Scooter Gennett homer, five unearned runs key Cincy win

MLB: Cincinnati Reds at Milwaukee Brewers
sigh
Jeff Hanisch-USA TODAY Sports

WP: Raisel Iglesias (3-1)LP: Dan Jennings (4-5)Save: none Homeruns: Cin - Scooter Gennett (19); Mil - Travis Shaw (26), Jonathan Schoop (18)

a Box Score full of sad news

A very winnable game escaped the Milwaukee Brewers (70-58) tonight when two ninth inning runs, keyed by a two out homer by old friend Scooter Gennett, lifted the Cincinnati Reds (56-70) to a 9-7 win.

Milwaukee built a 4-0 lead with a solid first inning at the plate. Christian Yelich had a soft single to left, and Lorenzo Cain walked. After a Mike Moustakas strikeout, Jesus Aguilar doubled to left to plate one and leave runners at second and third. Travis Shaw was called out on strikes, and the Reds intentionally walked Eric Thames to load the sacks. Singles from Erik Kratz and Orlando Arcia drove one in, and things were looking good.

Guerra breezed through the first two innings with six up and six down, but then the breeze turned into weather like what hit Cross Plains, Middleton, and the west side of Madison on Monday. It was a force of nature that Juni G couldn’t stop...not because he pitched poorly, but because of the simply incredible series of unfortunate events. Lemony Snickets ain’t got nuthin’ on Junior.

I don’t feel like enumerating all of it...there were dribblers, bloops, seeing eye grounders, errors, dropped throws that would have been outs, balls that would have been outs except they hit the umpire...if you can imagine it, it happened. When all was said and done the Reds had seven runs on nine hits, and the Brewers had two charged errors, another dropped throw, a passed ball, and five of the seven runs were unearned. The Reds had maybe two well struck balls the entire time.

After the first three of those runs scored in the top of the third, Travis Shaw drilled his 26th dinger of the season to put Milwaukee back up 5-3...then the next four Reds runs put the Cincy squad up 7-5.

Guerra actually worked another 1.1 innings, leaving after a double and a strikeout in the sixth. His final line was 5.1 innings, 10 hits, seven runs with two earned, a walk, and six strikeouts. Perhaps he deserved a better fate. Aw heck, he DID deserve a better fate.

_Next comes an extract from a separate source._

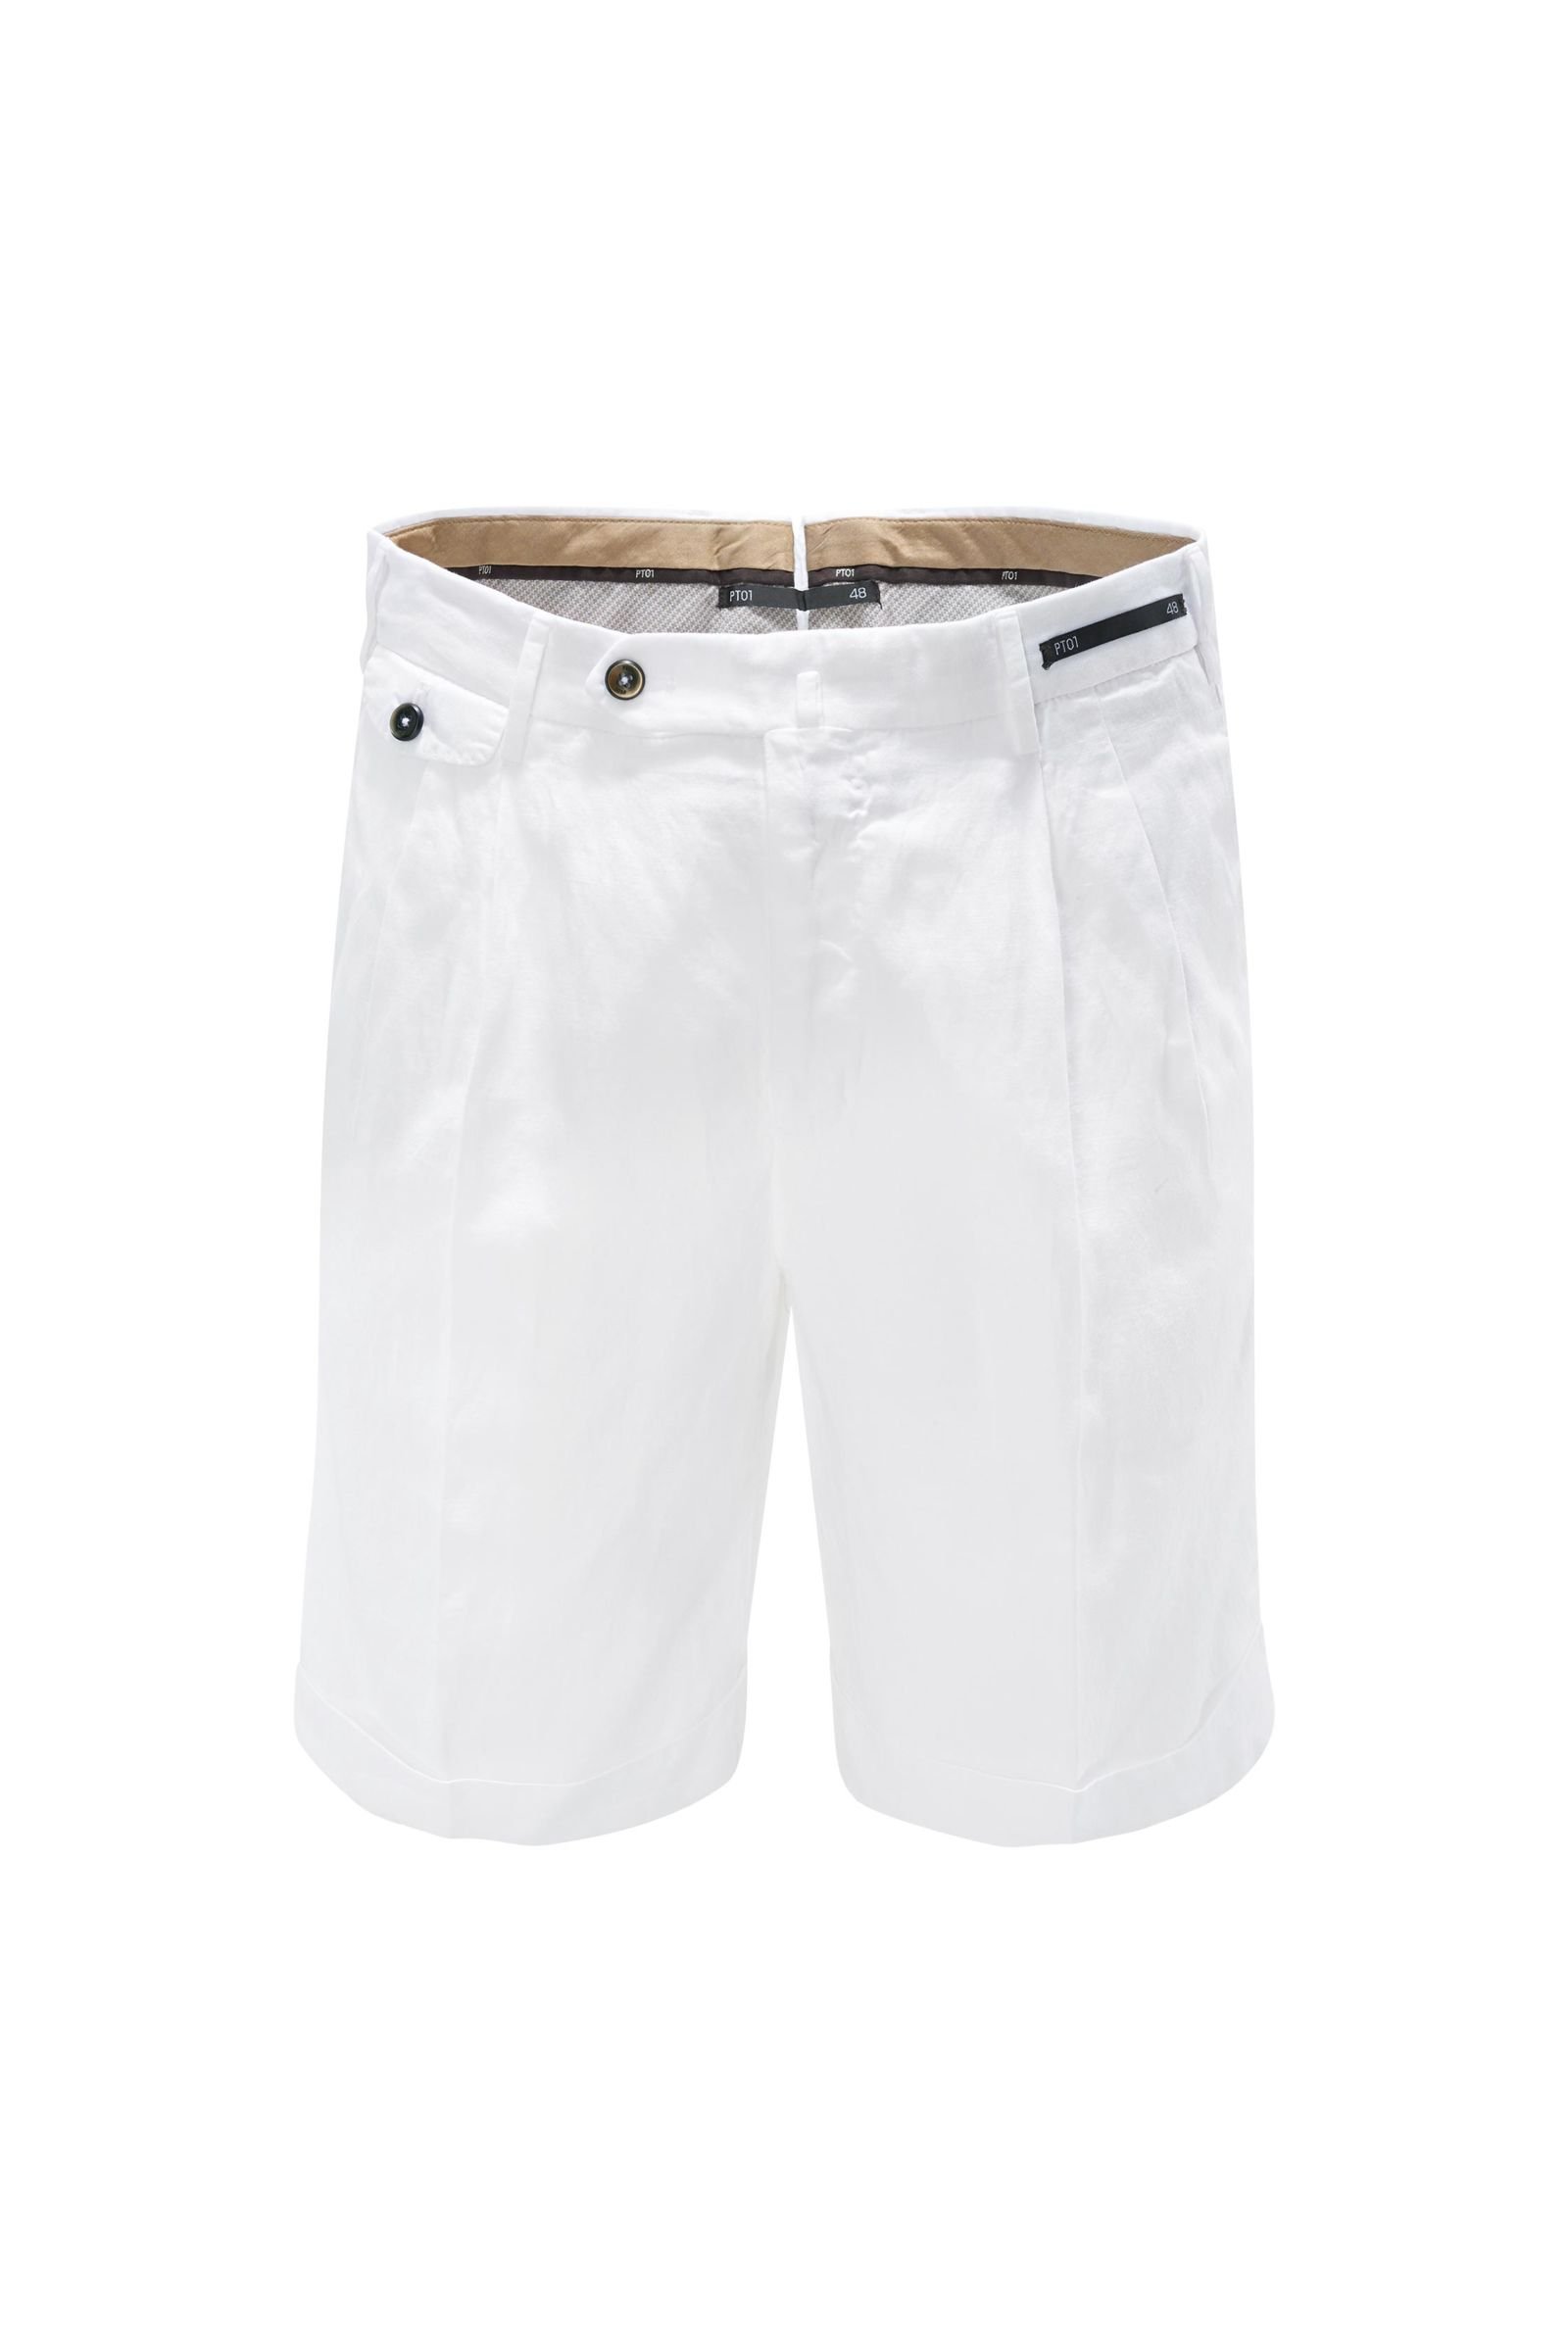 Shorts white

Corbin Burnes took over in the sixth for Juni G and got the final two outs to keep the deficit at two. He added two more scoreless innings, ending with 2.2 inning so one hit, no run ball. Mr. Burnes walked one and fanned two.

Burnes work to keep the game at 7-5 paid off when the Crew rallied in the eighth. Jonathan Schoop led off with a pinch-hit homerun down the left field line to cut the deficit to 7-6, off of David Hernandez. Erik Kratz singled to center, and pinch runner Keon Broxton swiped second. After an Arcia strikeout, Cincy went with closer Raisel Iglesias. Ryan Braun (who entered on a double switch along with Burnes in the sixth), ripped a 2-2 fastball into left center for an RBI double, tying it up at 7-7.

Taylor Williams looked very good for two batters in the top of the ninth, throwing in the upper nineties with a good slider. But with two down, Craig Counsell went with lefty Dan Jennings to face lefty Scooter Gennett, and Scoot pounced on an awful slider down and in and homered out to right to salvage an 8-7 lead. Corey Knebel replaced Jennings and gave up a base hit to Eugenio Suarez and an RBI triple to Mason Williams before a K ended the inning.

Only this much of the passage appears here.